Quarterbacks get injured.
Periodically football tweaks its rules to make that less likely. These guys after all are the faces of the franchises, the programs, the straws that stir the drinks and all that.
But quarterbacks do their best work standing straight up while anywhere from three to five very large human beings are devoting every ounce of energy and skill to knocking them into the next zip code.
Legally, of course.
And quarterbacks get bonus points if they can stay in the pocket as long as possible, stare a 300-pound tackle in the face and deliver a strike to a late-developing open receiver right before ending up flat on their backs.
It is not a job for the faint-hearted.
Which brings me to Grayson Loftis.
Loftis isn’t the first Duke quarterback to be thrust into a starting spot upon the injury of someone ahead of him on the depth chart. No program has that kind of luck.
And some of those replacements have been pretty successful. Dave Brown took over for injured Billy Ray late in the 1989 season. He passed for 1,297 yards and 11 touchdowns (four interceptions) in three games, a 52-35 win over Wake Forest, a 35-26 win over NC State and a 41-0 win over North Carolina.
Now, that’s a debut.
Ron Sally filled in adequately for Ben Bennett in 1981, Brandon Connette for Anthony Boone in 2013, Quentin Harris for Daniel Jones in 2018 before the regulars returned to duty.
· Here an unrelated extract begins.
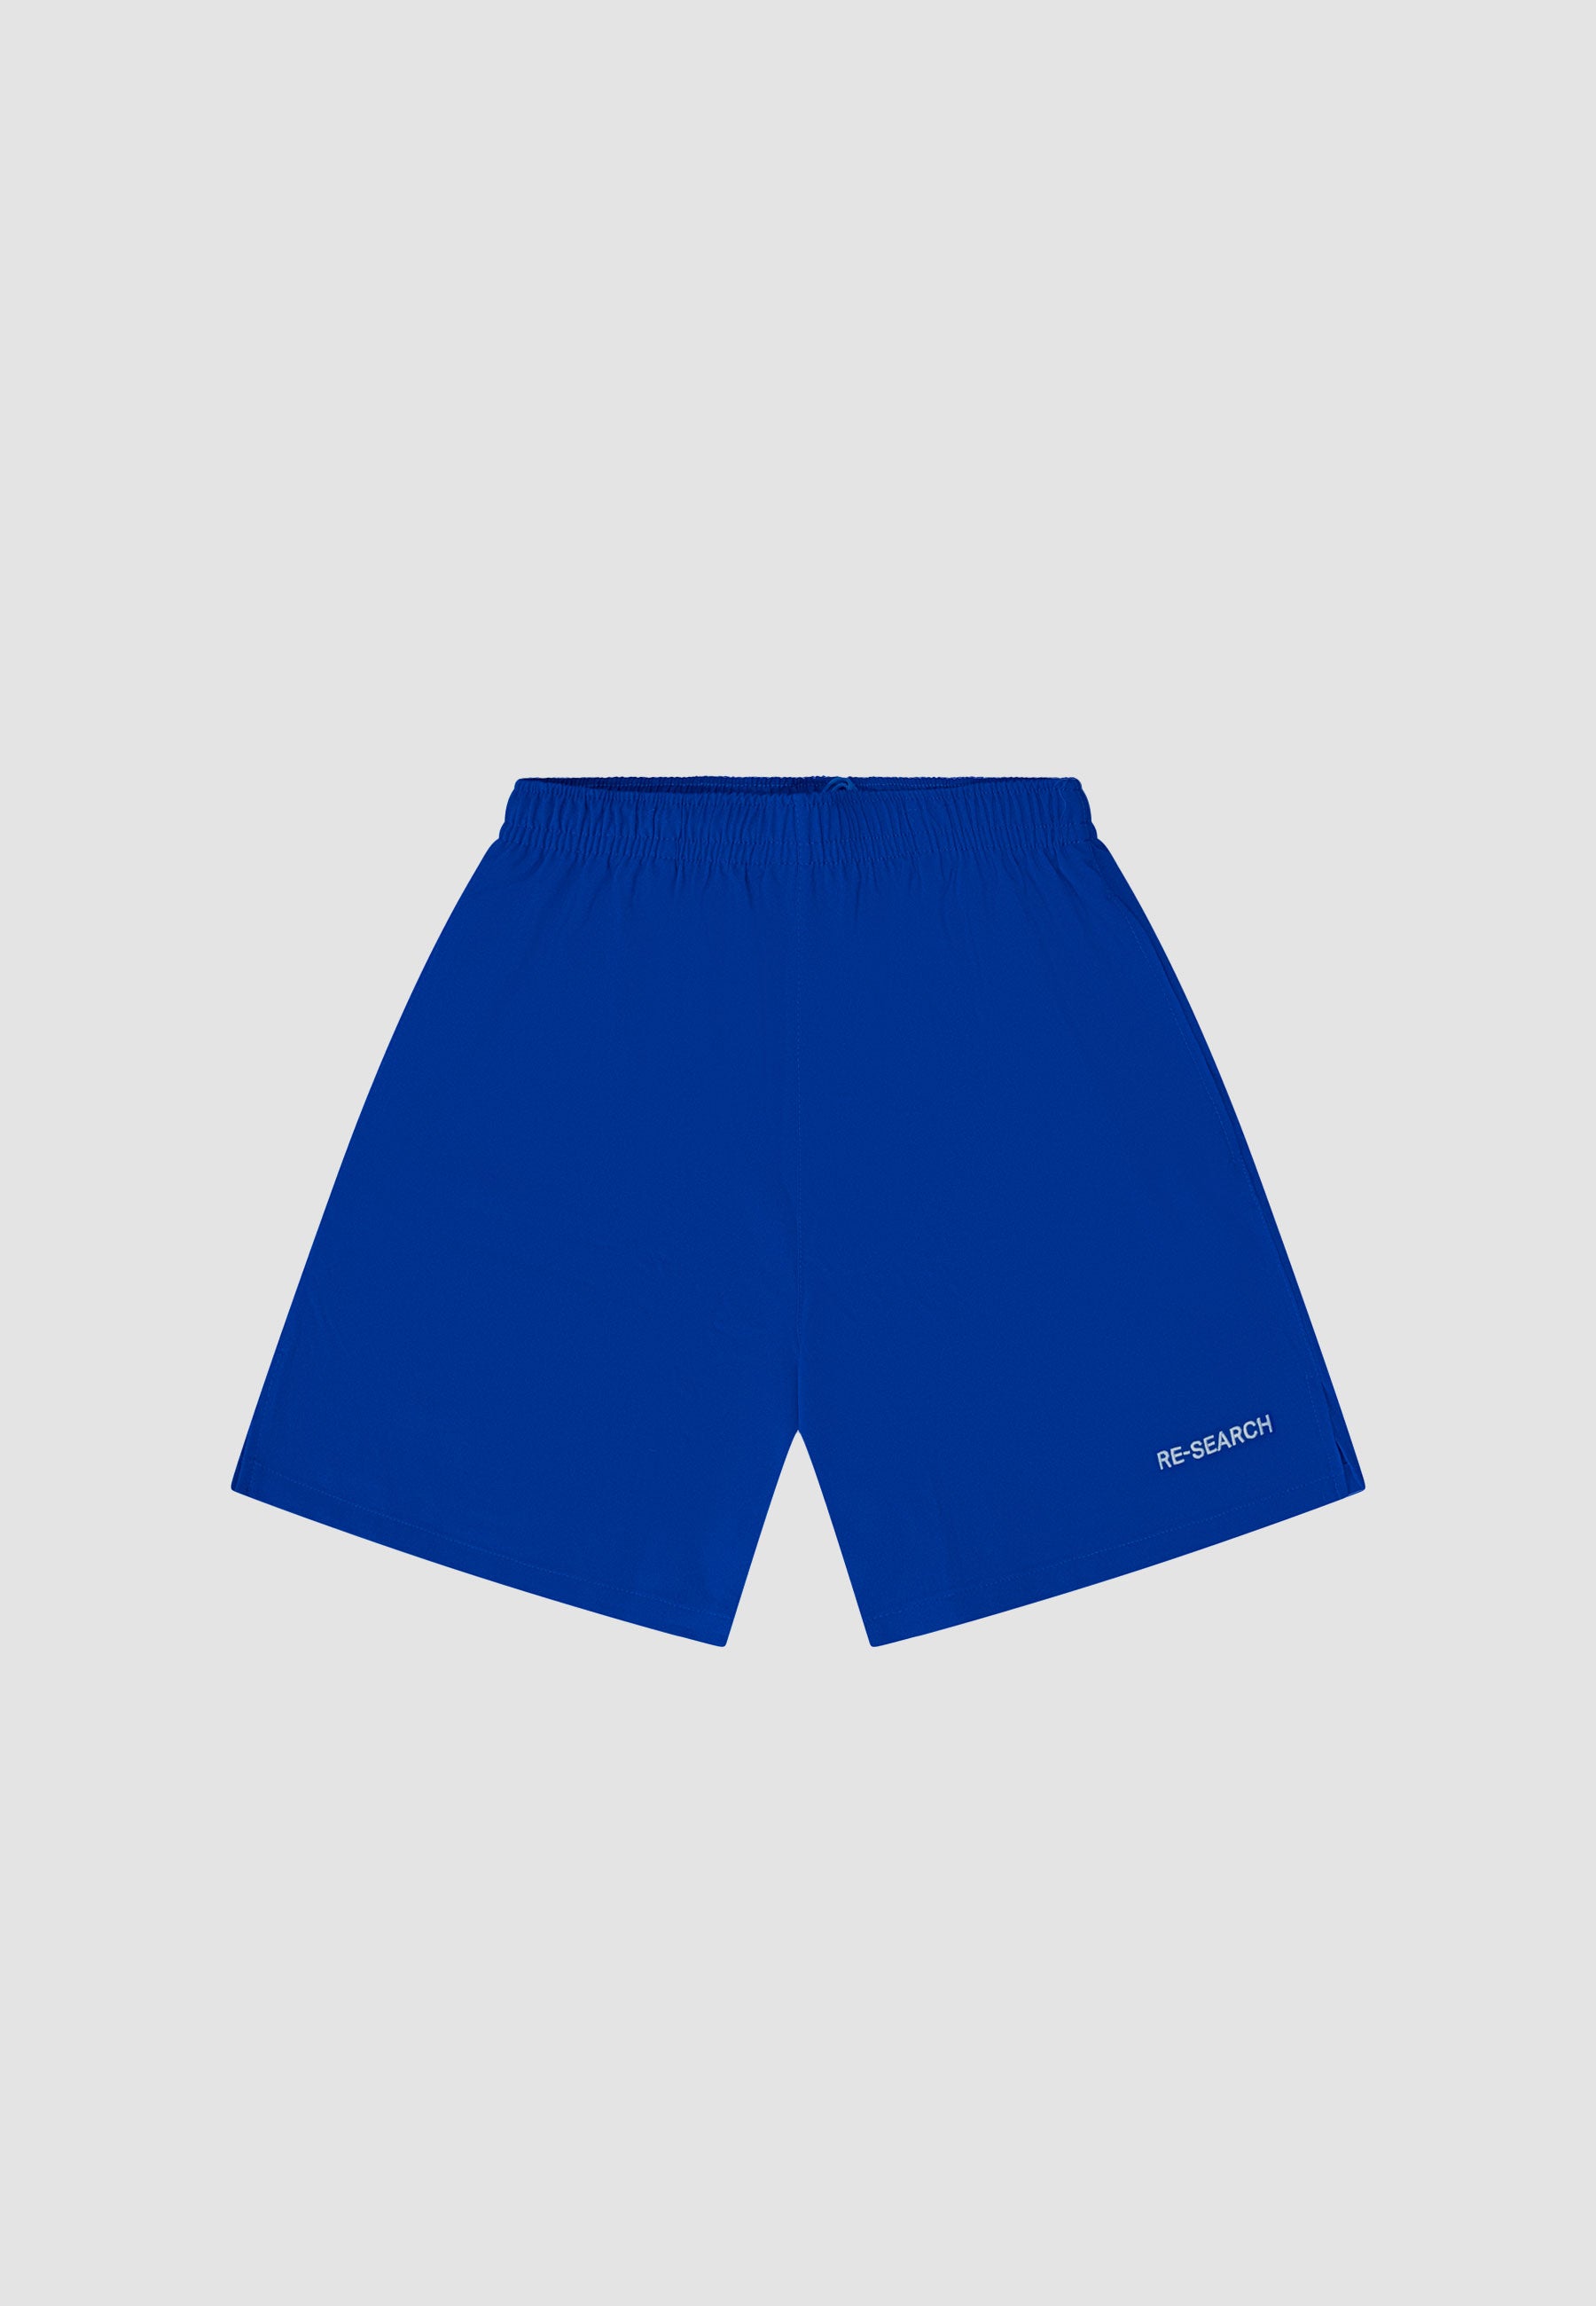 All Terrain Shorts - Königsblau

Jones, of course, took over for Thomas Sirk right before the 2016 season when Sirk tore an Achilles.
Not all endings are fairy tale. When Dennis Satyshur was lost for the 1971 season Mike McGee didn’t even have a backup quarterback. He tried defensive back Rich Searl. It did not end well.
Todd Orvald took over for injured Scotty Glacken in the middle of the 1965 Illinois game, Duke lost that game and the next two before finishing with wins over Wake Forest and North Carolina, the latter Bill Murray’s final game.
But these were all back-ups taking over for starters. Loftis began the season as Duke’s third-string quarterback. The best analog for Loftis’ situation might be 1984 when Sally and backup Drew Walston suffered injuries. True freshman and presumed redshirt Steve Slayden took over.
He ended his Duke career with over 8,000 passing yards.
This isn’t intended to be a comprehensive list or anything but rather a suggestion that different outcomes are possible when the number one guy goes down.
Loftis? No one questions his talent. I remember the spring game when he hit Apollos Cook with a perfect strike from around midfield.